▶ [Assigned task]
Give all of the data again exactly as written, omitting every image.

▶ [Material provided]
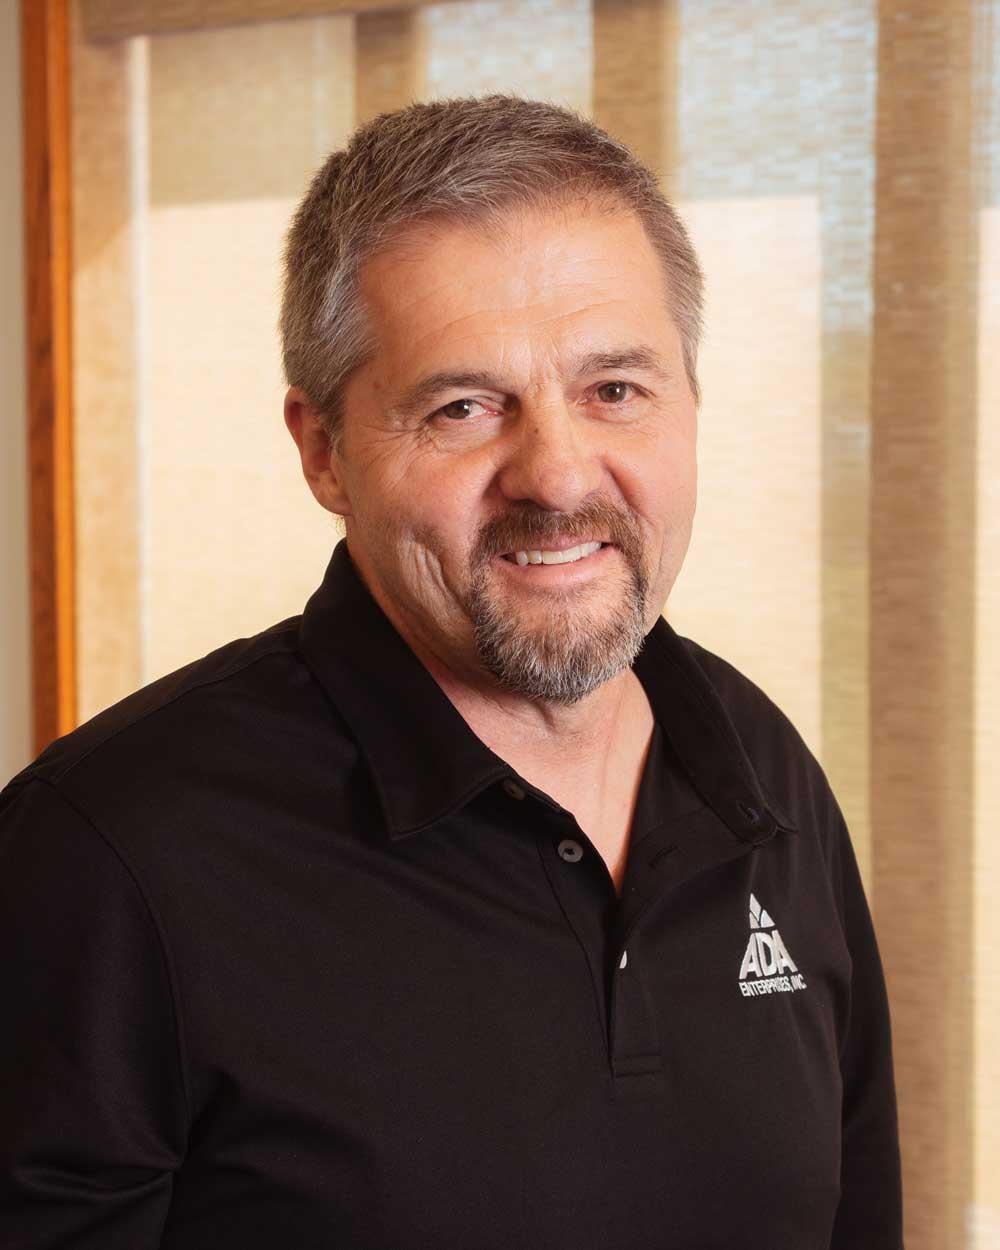 Jeff Baumann, Operations Manager
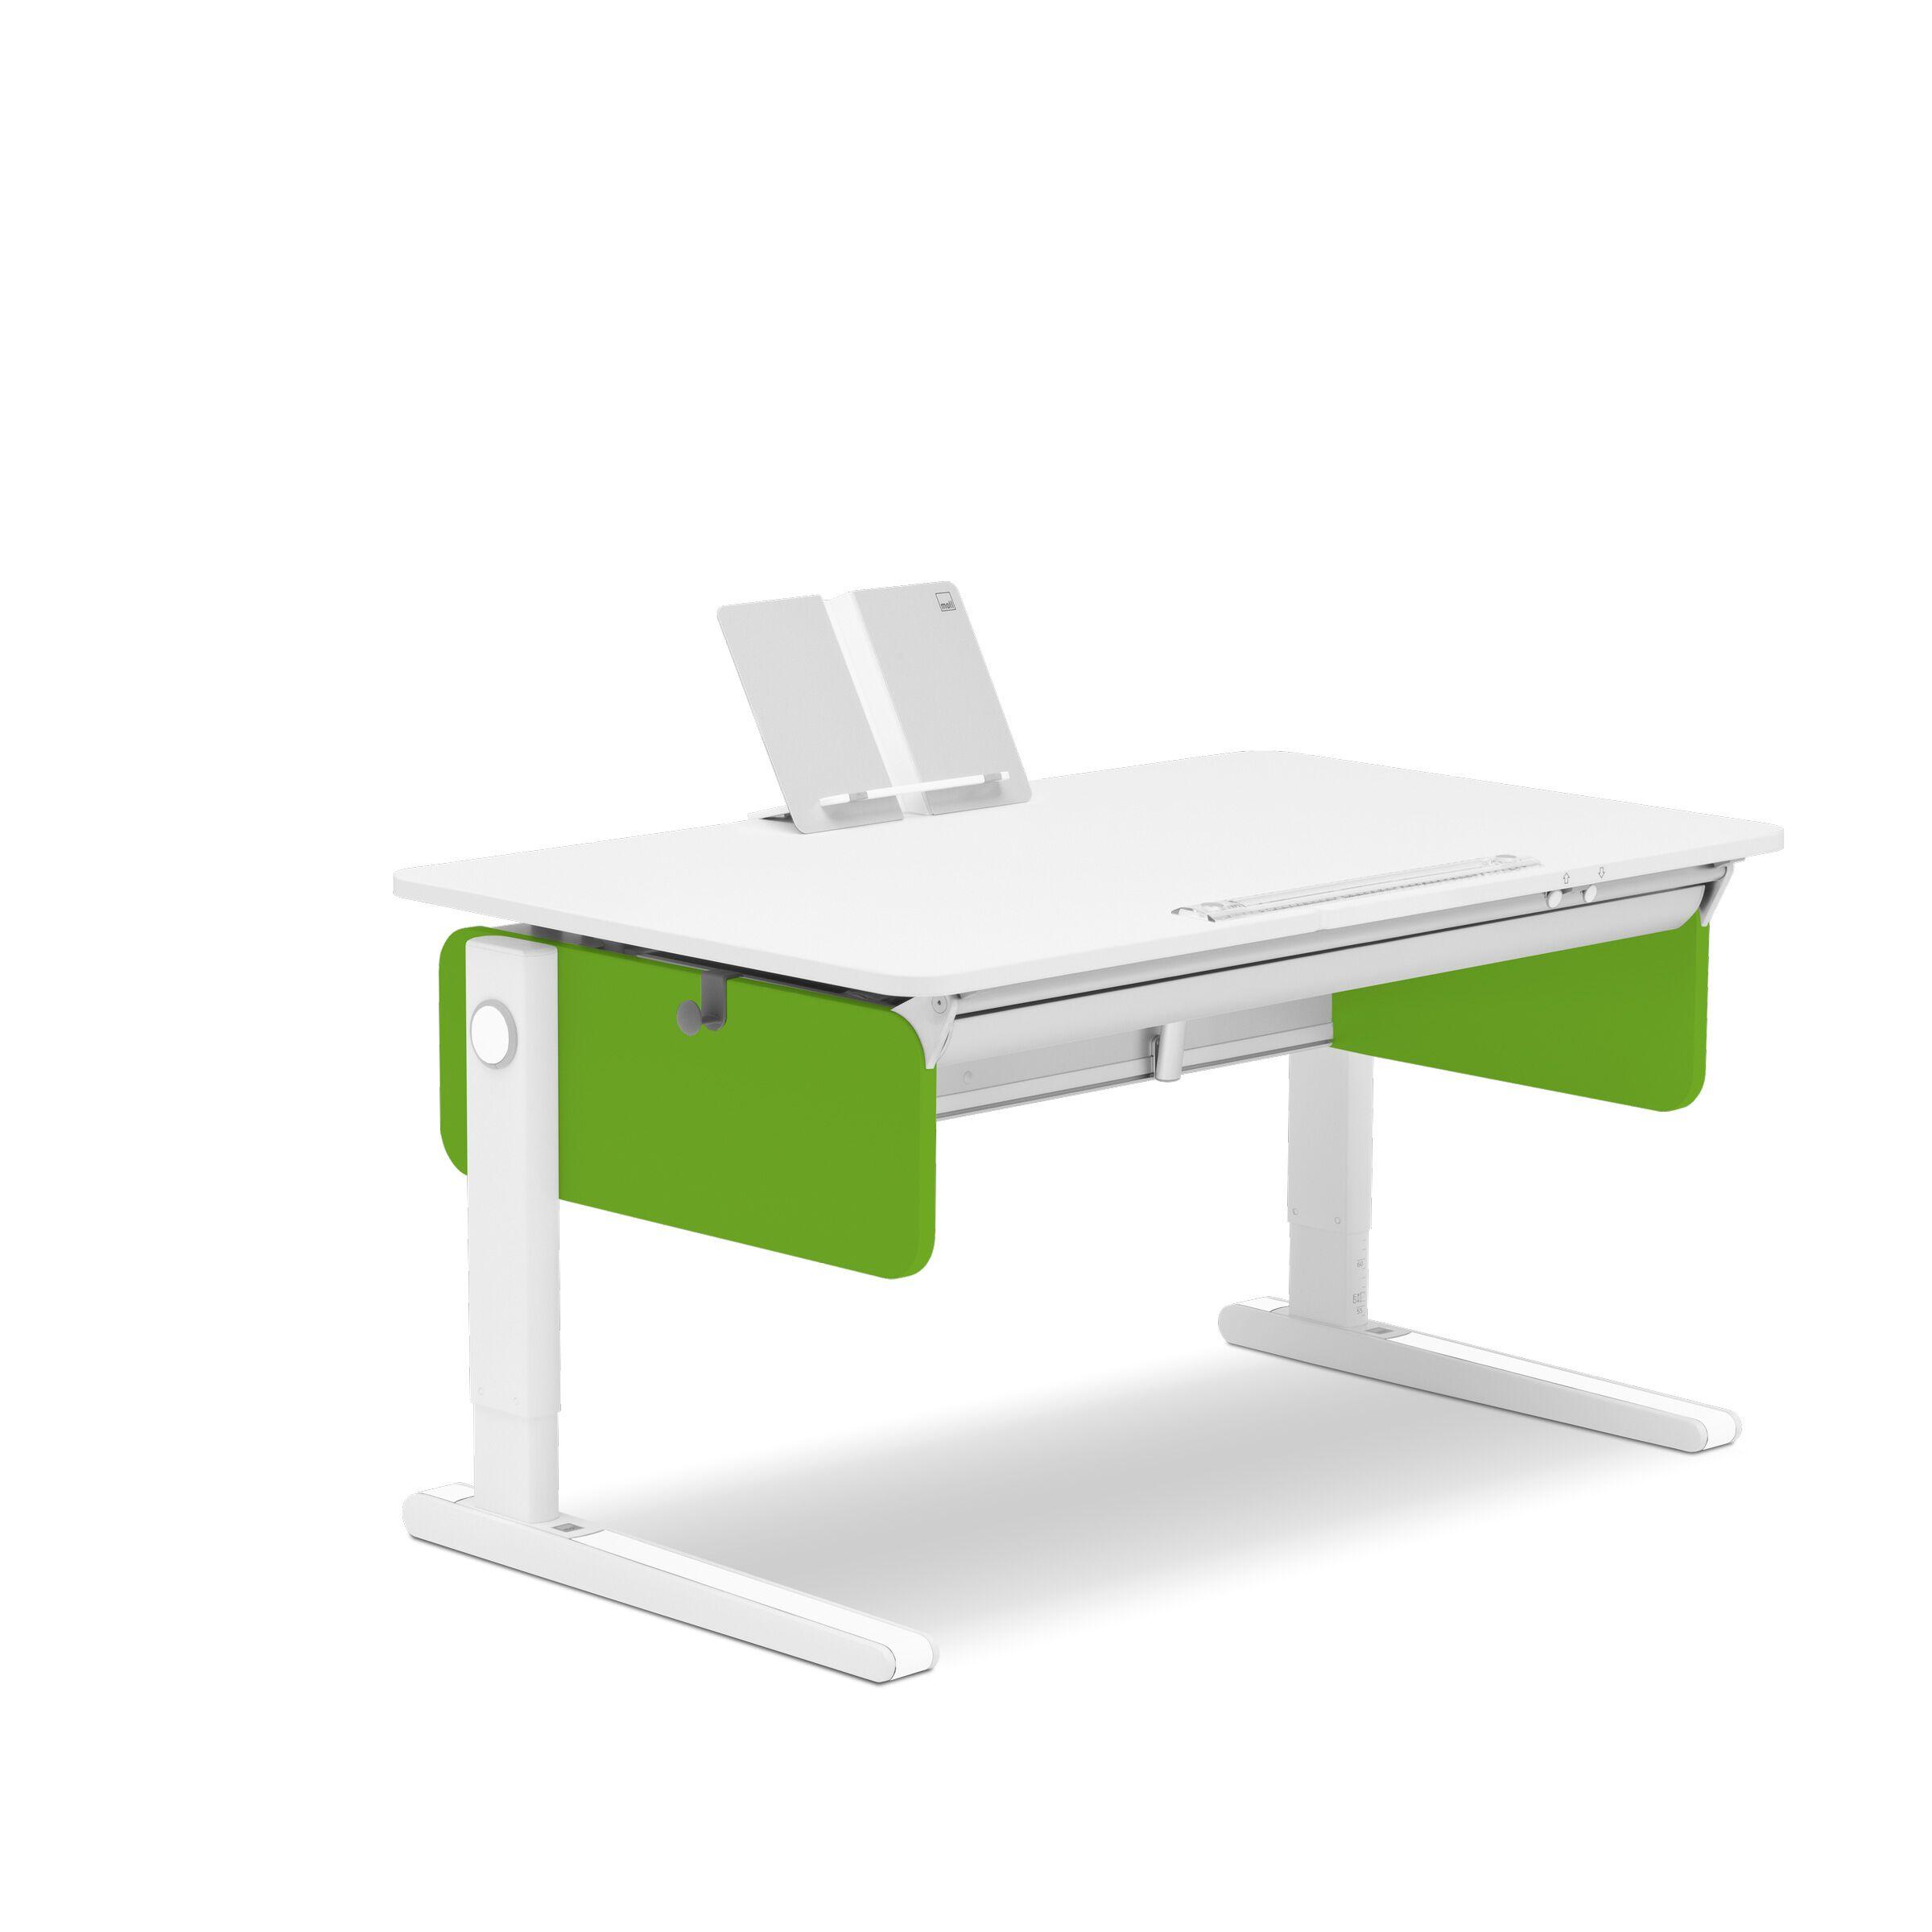 Стол Champion Right-UpДетские письменные столики<br>Детский письменный стол-трансформер Champion Right-Up изготовлен из экологически безопасной ЛДСП класса Е1 белого цвета толщиной 19 мм. Ключевая особенность модели заключается в том, что поверхность парты Молл разделена на функциональные зоны. С правой стороны располагается регулируемая часть столешницы, которая делает изделие эргономичным для детей левшей. Стационарная часть поверхности станет удобным местом для размещения тетрадей, учебных материалов, лампы, подставок для книг и ручек с карандашами. В конструкцию модели внедрен новый запатентованный регулирующий механизм, который позволит с легкостью поднимать и опускать столешницу на высоту до 20 градусов и избежать травм при эксплуатации изделия.&amp;lt;br&amp;gt;&amp;lt;br&amp;gt;Благодаря ему при опущенной столешнице обе части стола вплотную примыкают друг другу, а также отсутствует технологический зазор. В задней части модели располагается кабель-канал, куда можно убрать провода от компьютерной техники, с которой работает ребенок. Стандартная комплектация стола-трансформера предполагает наличие пластиковой магнитной линейки, которая заодно будет служить препятствием для соскальзывания предметов при поднятой столешнице. Также изделие оснащено боксом с цветными заглушками и декоративными лентами, выполненными в 8 различных цветах. Кроме того, в стандартную комплектацию входит подставка для книг с функцией складывания – ее можно брать с собой.&amp;lt;br&amp;gt;&amp;lt;br&amp;gt;Высота регулировки изделия – 53 до 82 см. Стол Champion подойдет для ребенка ростом от 109. Регулируемая часть столешницы имеет размеры 69х52 см. Предусмотрена опорная рама Comfort.&amp;lt;br&amp;gt;Можно выбрать разные цветовые решения!&amp;lt;br&amp;gt;Наличие цветов уточняйте у менеджера.&amp;lt;br&amp;gt;Поставка: в разобранном виде, инструкция по сборке прилагается.&amp;lt;br&amp;gt;Возврат производится при условии целостности упаковки и&amp;amp;nbsp; отсутствии следов сборки.&amp;l
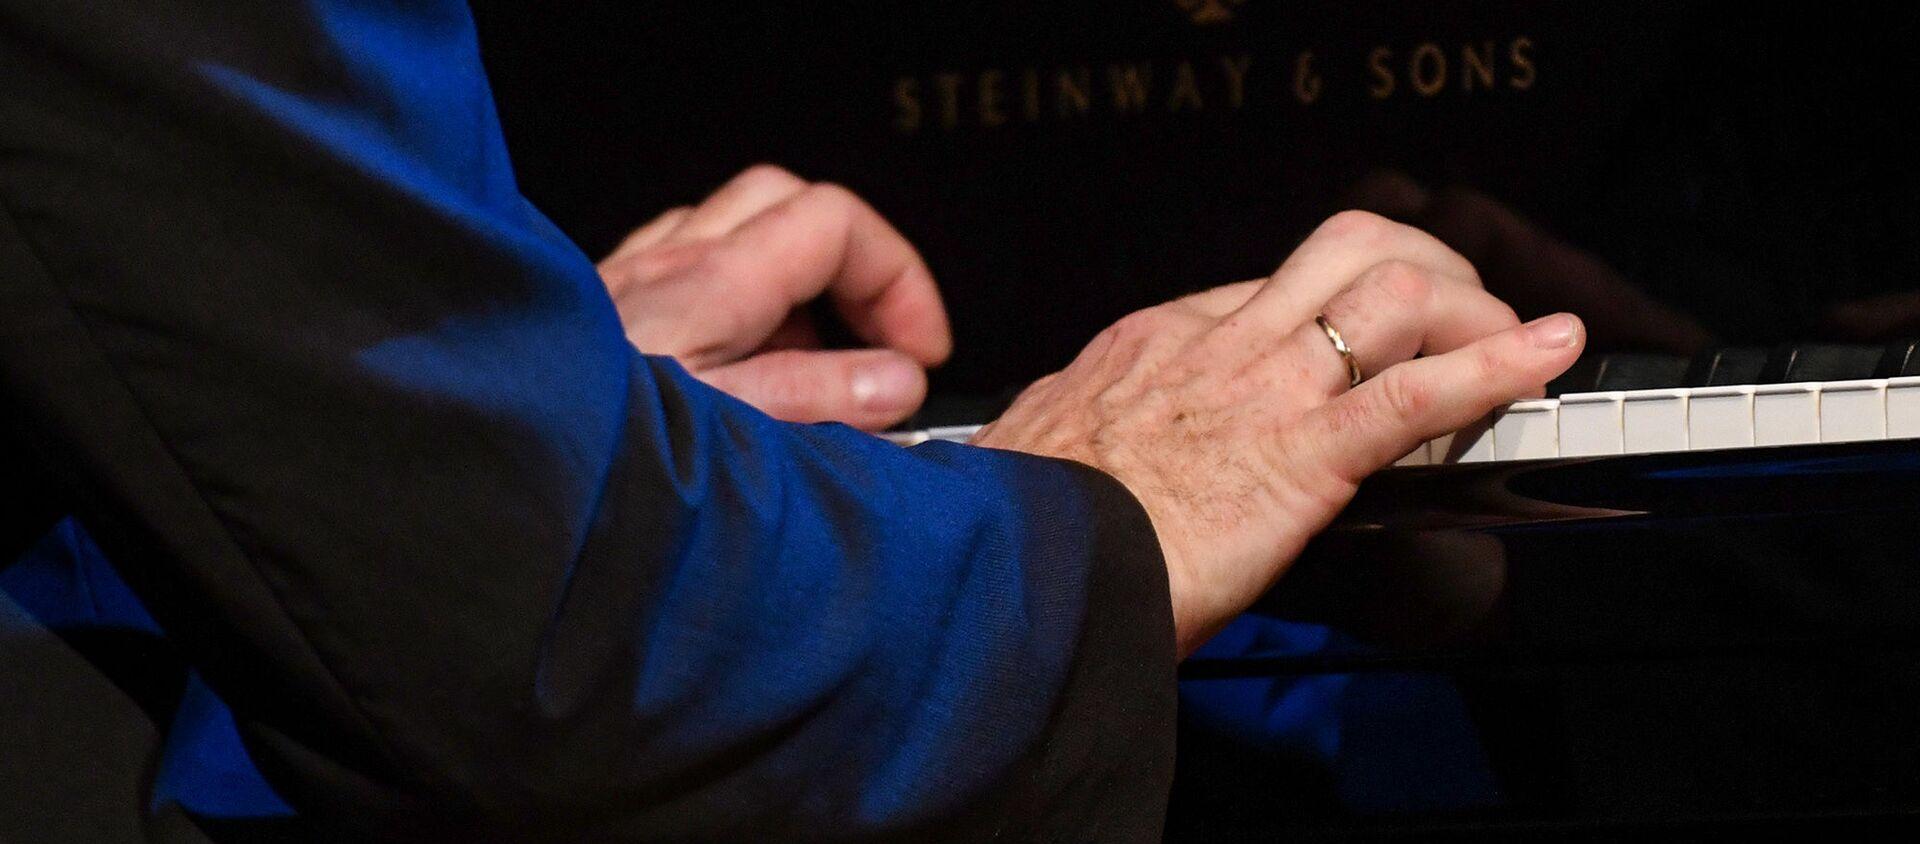 Выступление Сибель Косе и джаз-трио Алексея Черемизова в Баку - Sputnik Азербайджан, 1920, 04.12.2020

▶ [Task output]
 Jeff Baumann, Operations Manager
 Стол Champion Right-UpДетские письменные столики<br>Детский письменный стол-трансформер Champion Right-Up изготовлен из экологически безопасной ЛДСП класса Е1 белого цвета толщиной 19 мм. Ключевая особенность модели заключается в том, что поверхность парты Молл разделена на функциональные зоны. С правой стороны располагается регулируемая часть столешницы, которая делает изделие эргономичным для детей левшей. Стационарная часть поверхности станет удобным местом для размещения тетрадей, учебных материалов, лампы, подставок для книг и ручек с карандашами. В конструкцию модели внедрен новый запатентованный регулирующий механизм, который позволит с легкостью поднимать и опускать столешницу на высоту до 20 градусов и избежать травм при эксплуатации изделия.&amp;lt;br&amp;gt;&amp;lt;br&amp;gt;Благодаря ему при опущенной столешнице обе части стола вплотную примыкают друг другу, а также отсутствует технологический зазор. В задней части модели располагается кабель-канал, куда можно убрать провода от компьютерной техники, с которой работает ребенок. Стандартная комплектация стола-трансформера предполагает наличие пластиковой магнитной линейки, которая заодно будет служить препятствием для соскальзывания предметов при поднятой столешнице. Также изделие оснащено боксом с цветными заглушками и декоративными лентами, выполненными в 8 различных цветах. Кроме того, в стандартную комплектацию входит подставка для книг с функцией складывания – ее можно брать с собой.&amp;lt;br&amp;gt;&amp;lt;br&amp;gt;Высота регулировки изделия – 53 до 82 см. Стол Champion подойдет для ребенка ростом от 109. Регулируемая часть столешницы имеет размеры 69х52 см. Предусмотрена опорная рама Comfort.&amp;lt;br&amp;gt;Можно выбрать разные цветовые решения!&amp;lt;br&amp;gt;Наличие цветов уточняйте у менеджера.&amp;lt;br&amp;gt;Поставка: в разобранном виде, инструкция по сборке прилагается.&amp;lt;br&amp;gt;Возврат производится при условии целостности упаковки и&amp;amp;nbsp; отсутствии следов сборки.&amp;l
 Выступление Сибель Косе и джаз-трио Алексея Черемизова в Баку - Sputnik Азербайджан, 1920, 04.12.2020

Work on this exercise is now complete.